Would you copy, word for word, each line from the one with "In an abandoned" to the end of the listing below, skipping all pictures?

______

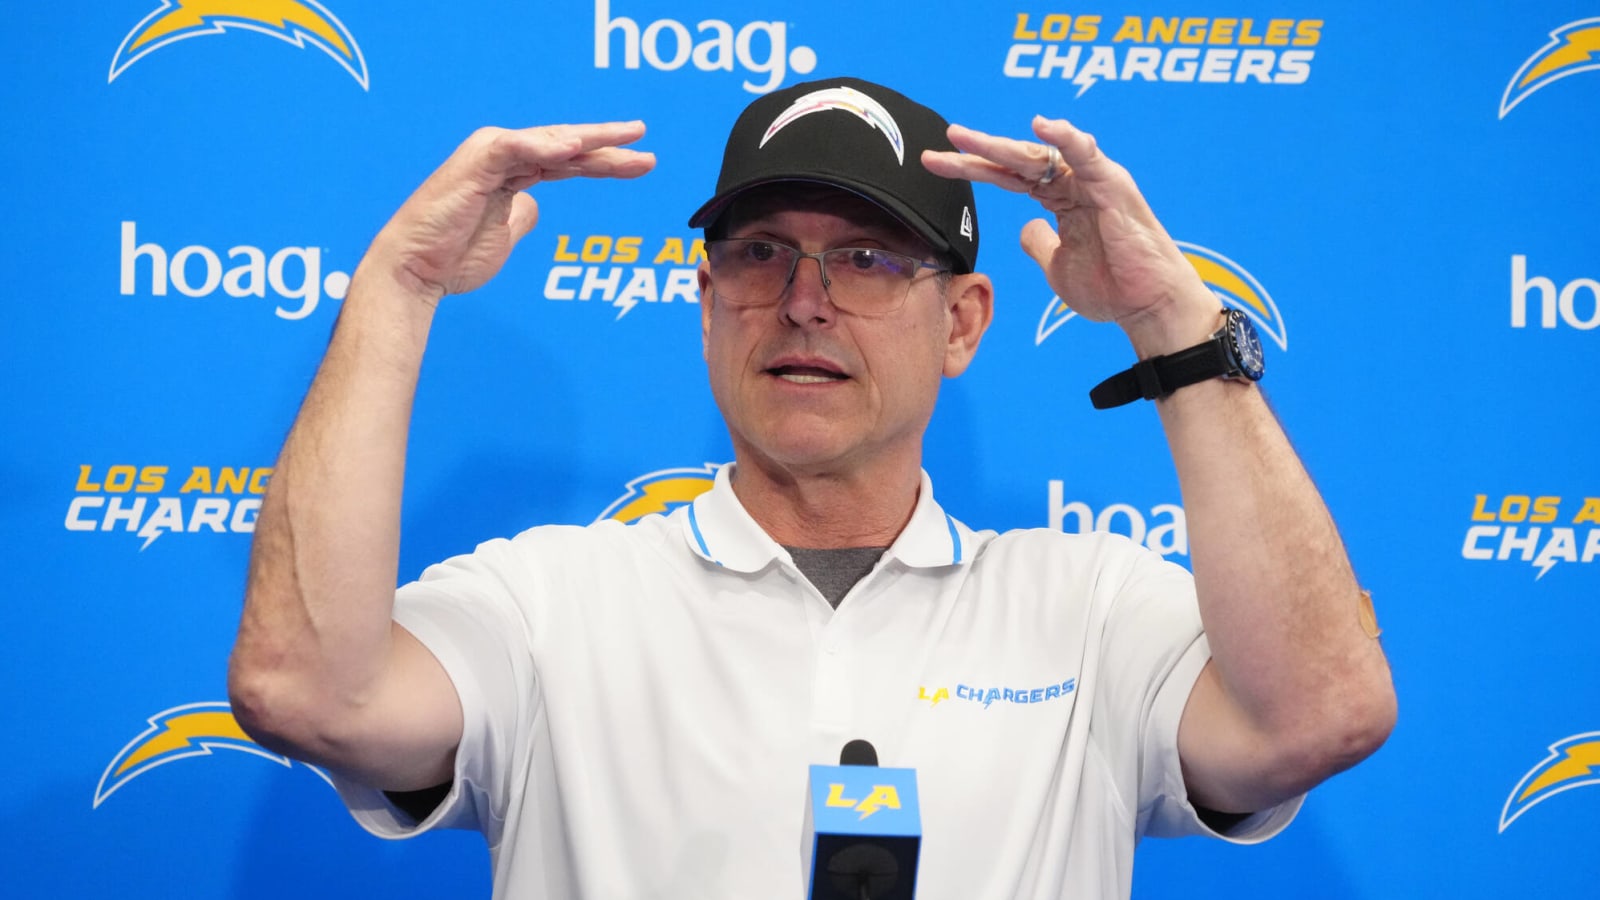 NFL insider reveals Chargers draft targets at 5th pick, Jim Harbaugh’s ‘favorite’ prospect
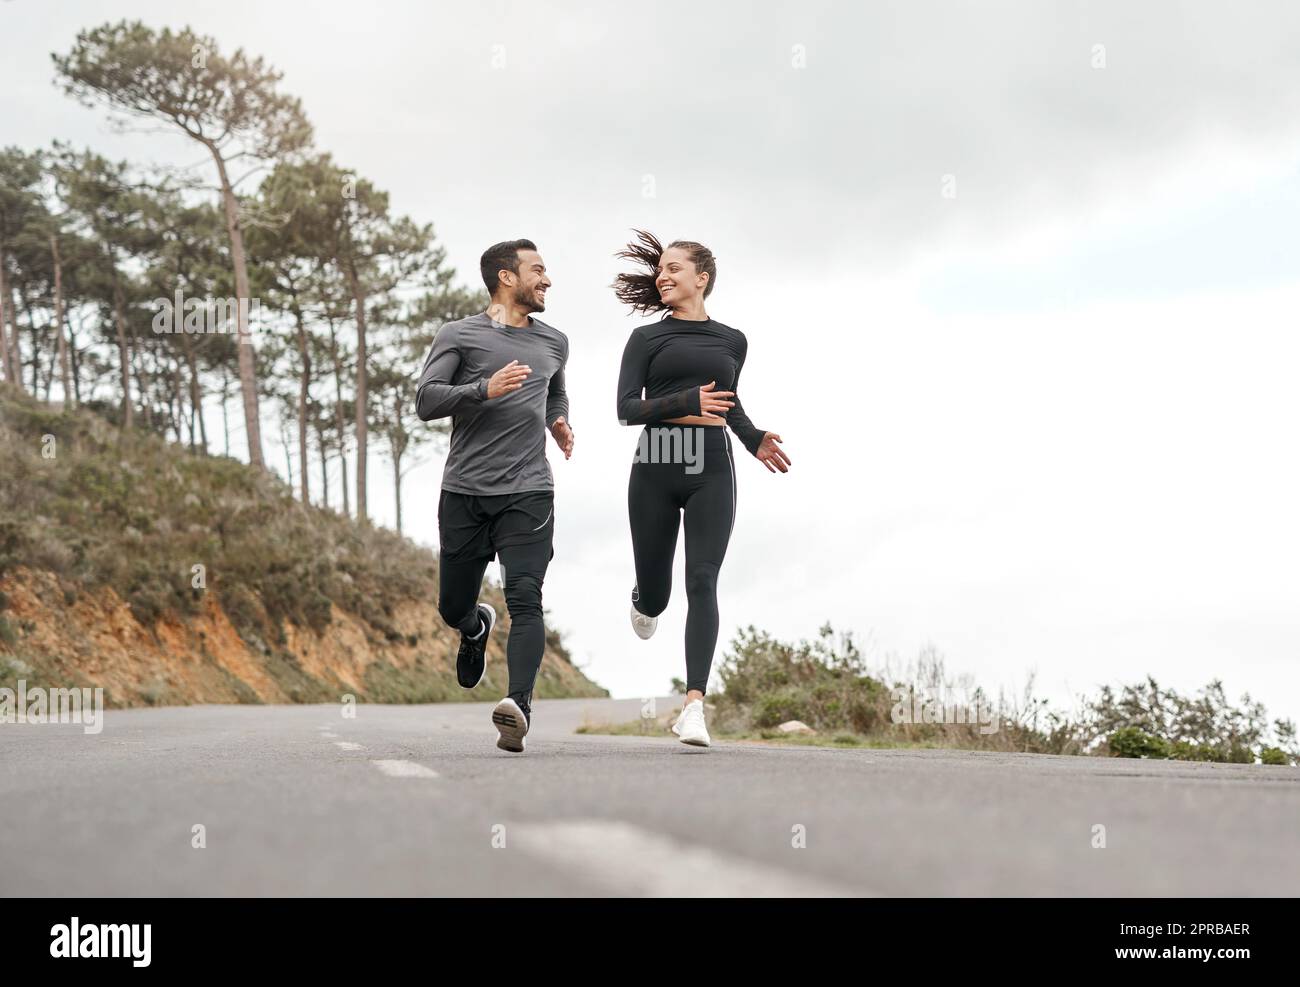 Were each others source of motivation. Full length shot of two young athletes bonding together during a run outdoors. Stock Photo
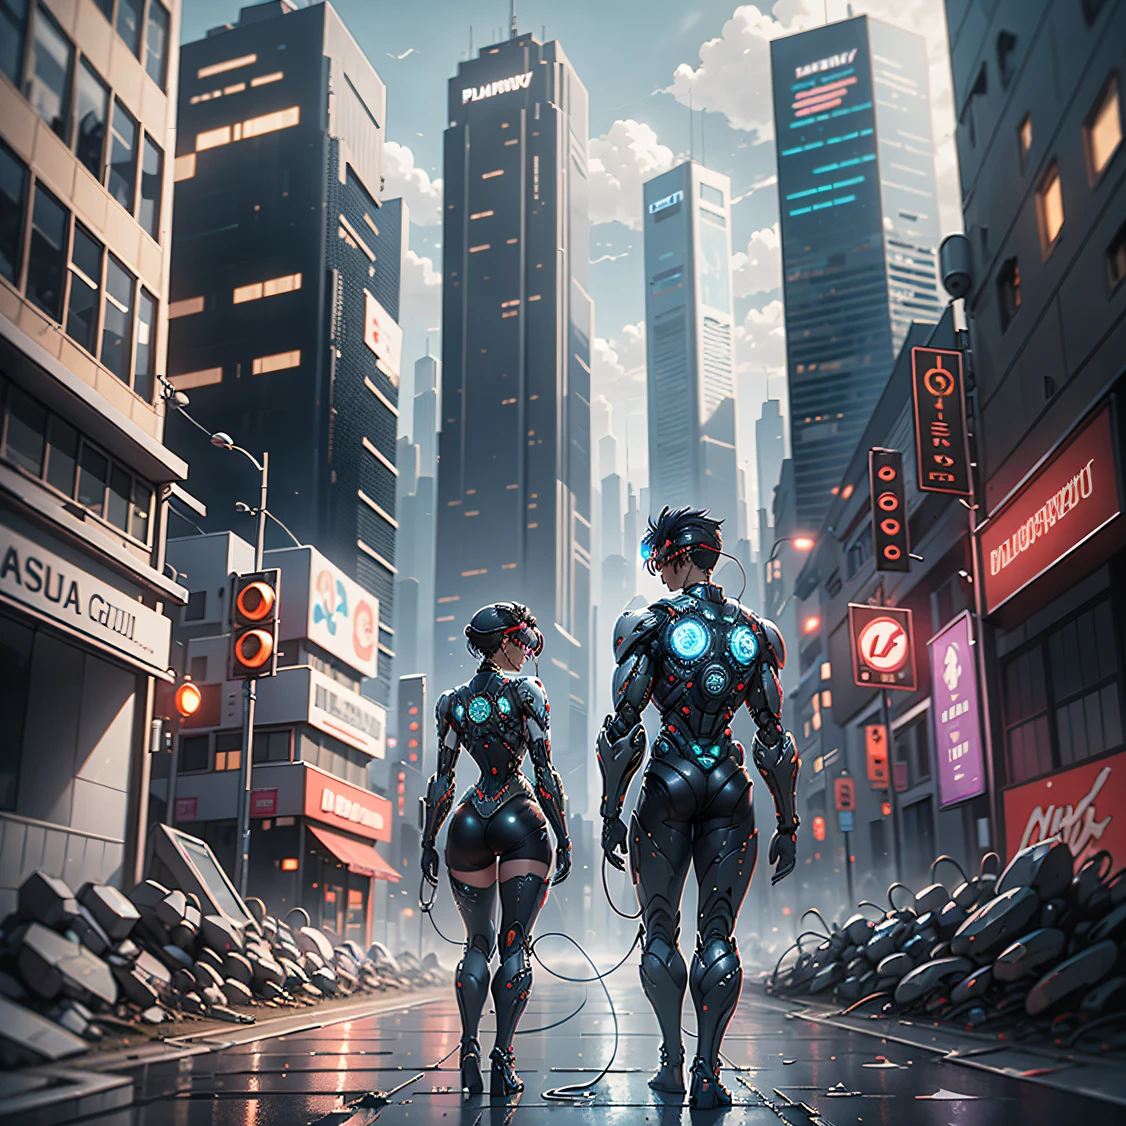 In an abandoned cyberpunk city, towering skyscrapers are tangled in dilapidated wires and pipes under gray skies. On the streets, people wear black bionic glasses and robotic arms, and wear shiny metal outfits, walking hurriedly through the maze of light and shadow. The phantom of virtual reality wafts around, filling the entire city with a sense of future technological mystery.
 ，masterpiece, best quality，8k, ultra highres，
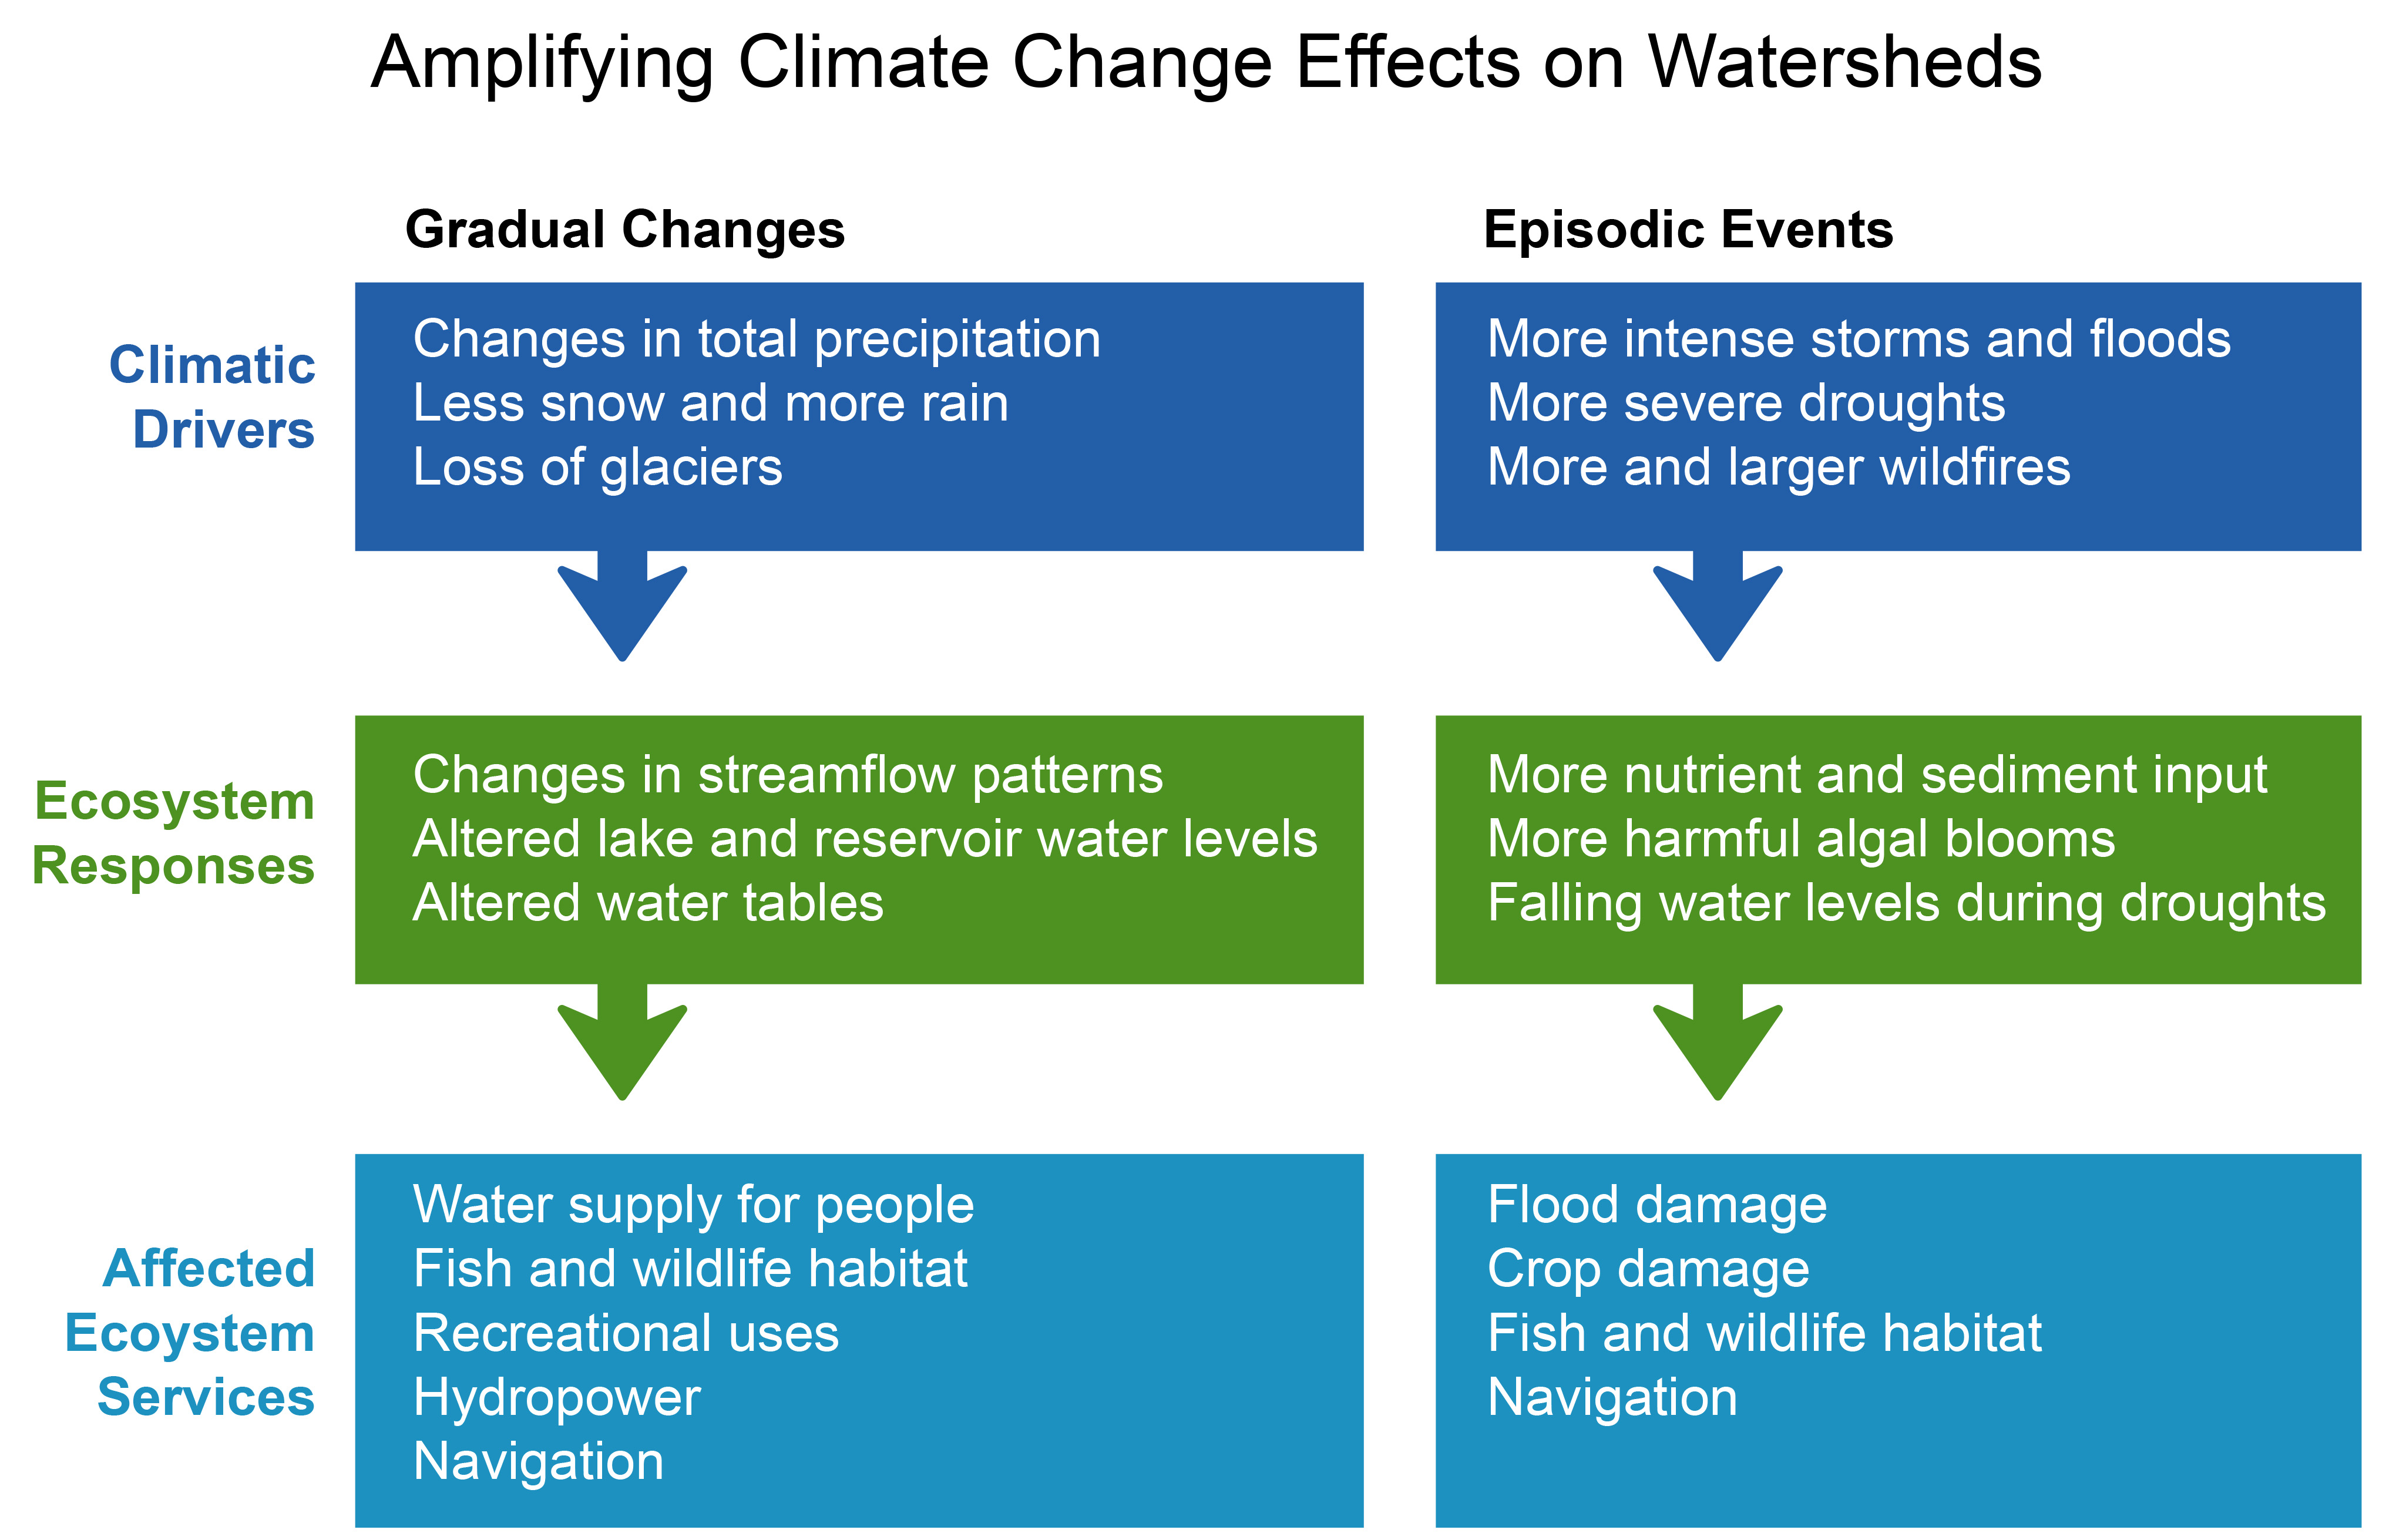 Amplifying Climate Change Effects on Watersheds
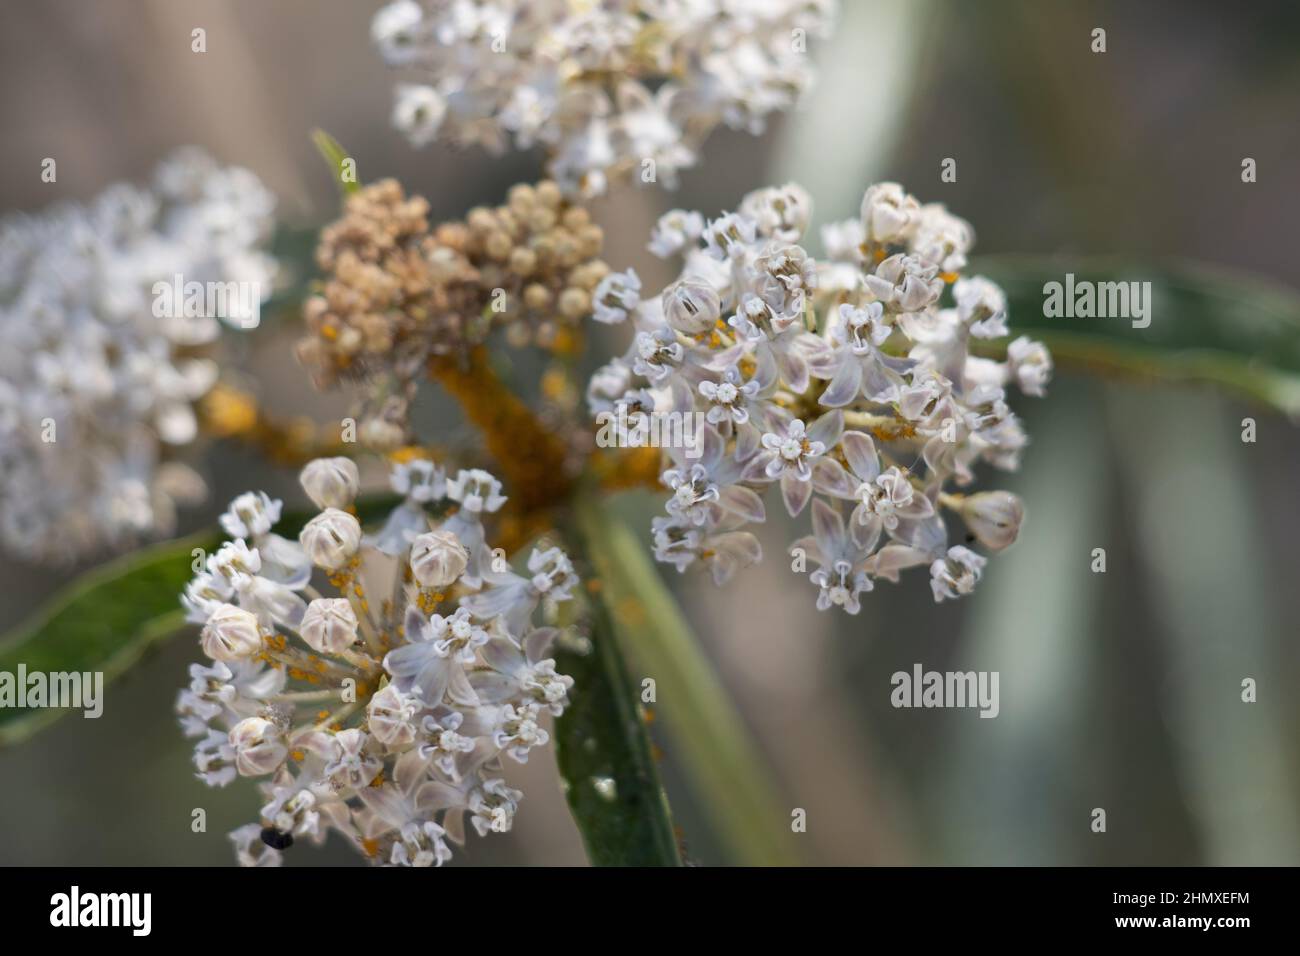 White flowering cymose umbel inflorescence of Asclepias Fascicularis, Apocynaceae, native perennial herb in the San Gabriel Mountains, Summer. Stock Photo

______

- Finished exercise:
 In an abandoned cyberpunk city, towering skyscrapers are tangled in dilapidated wires and pipes under gray skies. On the streets, people wear black bionic glasses and robotic arms, and wear shiny metal outfits, walking hurriedly through the maze of light and shadow. The phantom of virtual reality wafts around, filling the entire city with a sense of future technological mystery.
 ，masterpiece, best quality，8k, ultra highres，
 Amplifying Climate Change Effects on Watersheds
 White flowering cymose umbel inflorescence of Asclepias Fascicularis, Apocynaceae, native perennial herb in the San Gabriel Mountains, Summer. Stock Photo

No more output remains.